The official page on the Python Package Index is: https://pypi.python.org/pypi/python-pcapng

  • I need to decently extract some information from a bunch of pcap-ng files, but apparently tcpdump has some problems reading those files, I couldn’t find other nice tools nor Python bindings to a library able to parse this format, so..
  • In general, it appears there are (quite a bunch of!) Python modules to parse the old (much simpler) format, but nothing for the new one.
  • And, they usually completely lack any form of documentation.

Yes, I guess it would be much slower than something written in C, but I’m much better at Python than C.
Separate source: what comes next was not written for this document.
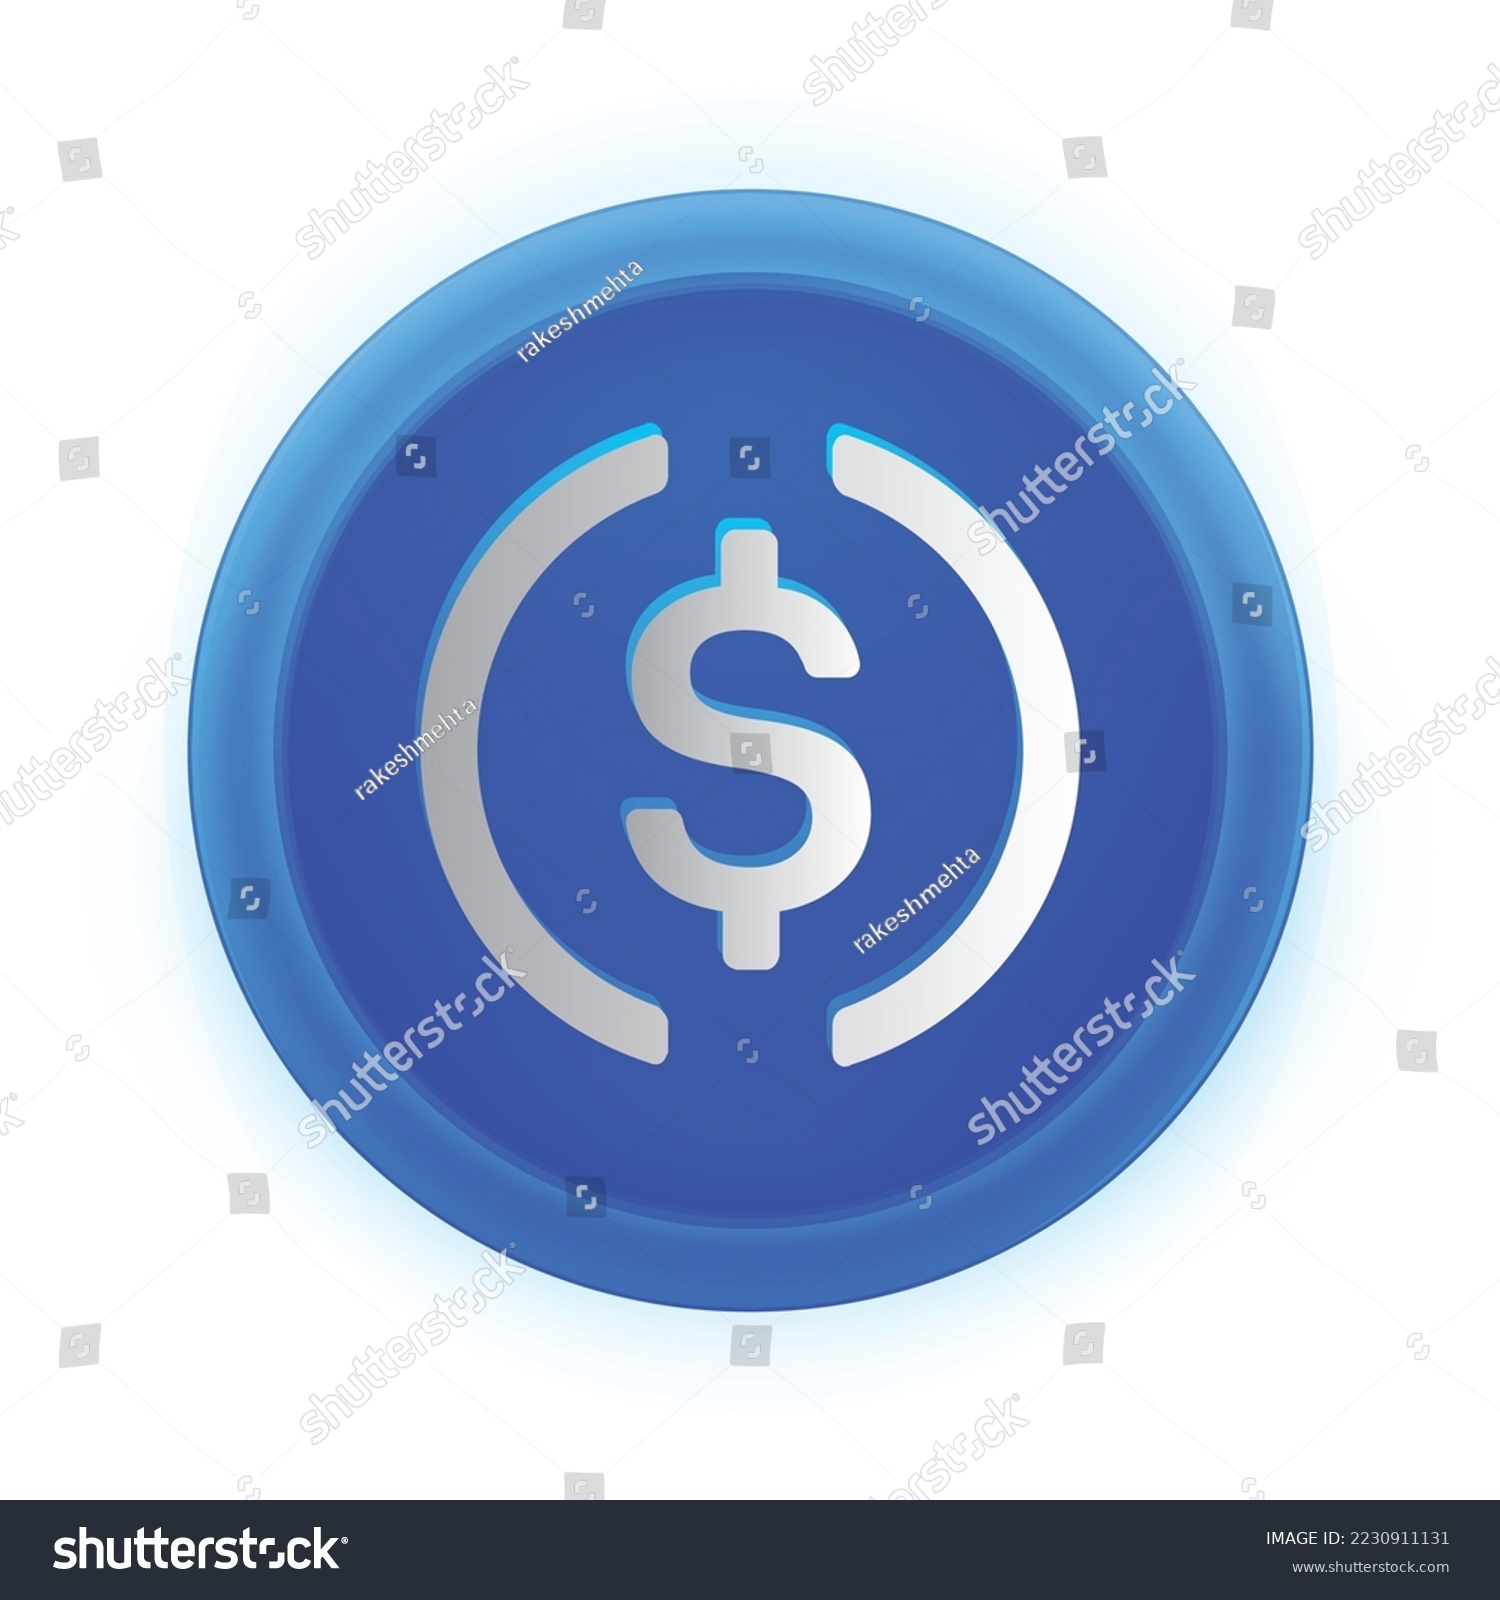 SVG of USD Coin (USDC) crypto logo isolated on white background. USDC Cryptocurrency coin token vector svg

..and I need to get things done, and CPU time is not that expensive 🙂

(Maybe I’ll give a try porting the thing to Cython to speed it up, but anyways, pure-Python libraries are always useful, eg. for PyPy).

Basic usage is as simple as:

from pcapng import FileScanner with open('/tmp/mycapture.pcap', 'rb') as fp: scanner = FileScanner(fp) for block in scanner: pass # do something with the block. 

Have a look at the blocks documentation to see what they do; also, the examples directory contains some example scripts using the library.

Format specification is here:

Contributions are welcome, please contact me if you’re planning to do some big change, so that we can sort out the best way to integrate it.

Or even better, open an issue so the whole world can participate in the discussion 🙂

Write support exists as of version 2.0.0. See the file examples/generate_pcapng.py for an example of the minimum code needed to generate a pcapng file.

In most cases, this library will prevent you from creating broken data. If you want to create marginal pcapng files, e.g. as test cases for other software, you can do that by adjusting the «strictness» of the library, as in:

from pcapng.strictness import Strictness, set_strictness set_strictness(Strictness.FIX)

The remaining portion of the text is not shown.